* Dataset:
◇ ◇ ◇ ◇ ◇
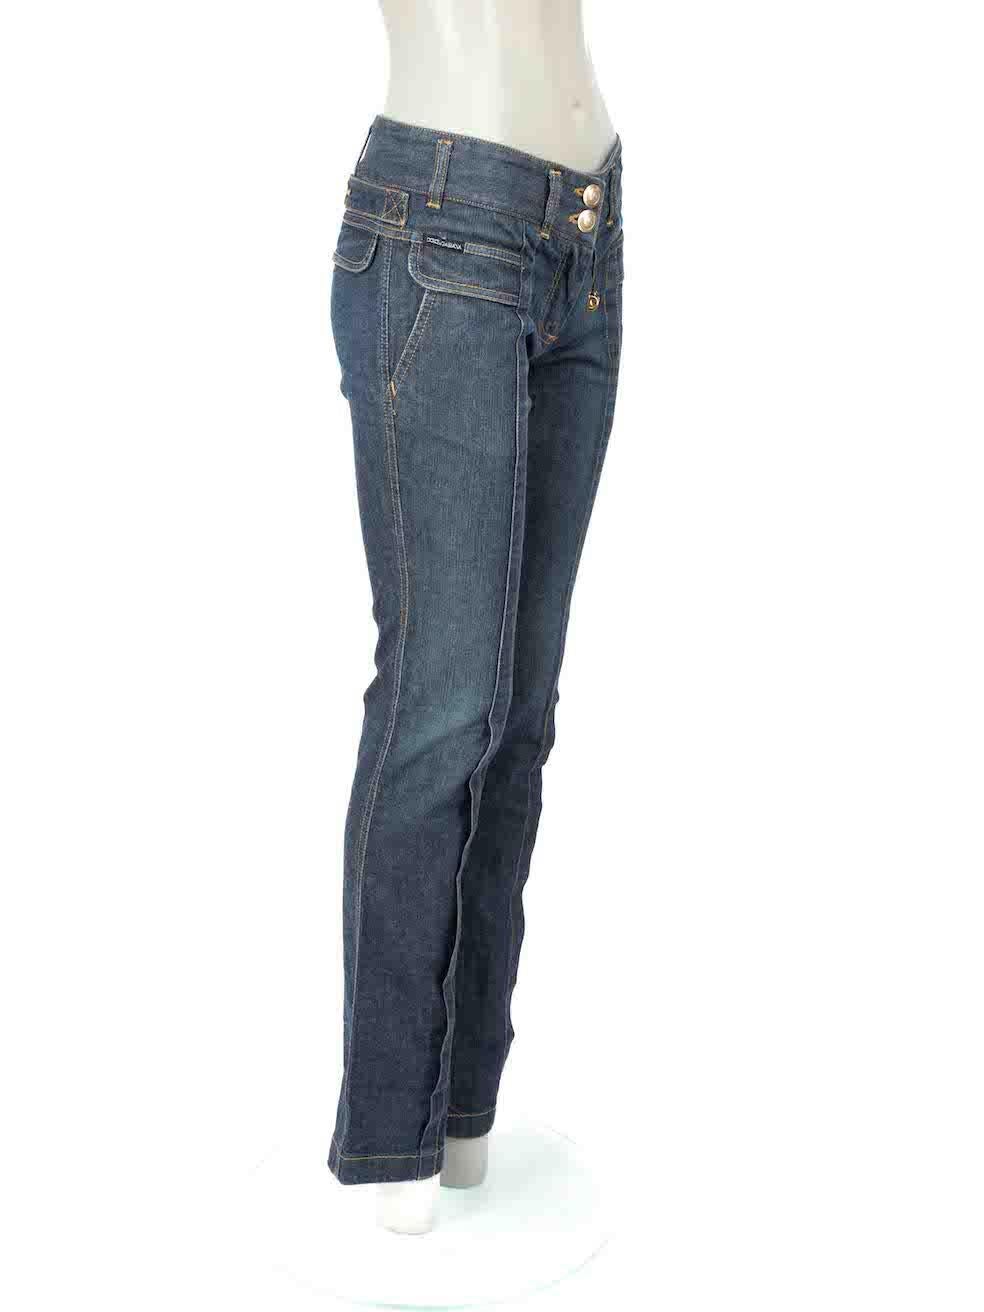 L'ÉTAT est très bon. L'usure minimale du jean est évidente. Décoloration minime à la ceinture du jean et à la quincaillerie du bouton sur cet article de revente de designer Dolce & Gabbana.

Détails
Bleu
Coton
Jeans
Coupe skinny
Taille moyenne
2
◇ ◇ ◇ ◇ ◇
* Work order: Your reply should consist of the data, transcribed exactly, and should hold no pictures.

* Solution to this task:
 L'ÉTAT est très bon. L'usure minimale du jean est évidente. Décoloration minime à la ceinture du jean et à la quincaillerie du bouton sur cet article de revente de designer Dolce & Gabbana.

Détails
Bleu
Coton
Jeans
Coupe skinny
Taille moyenne
2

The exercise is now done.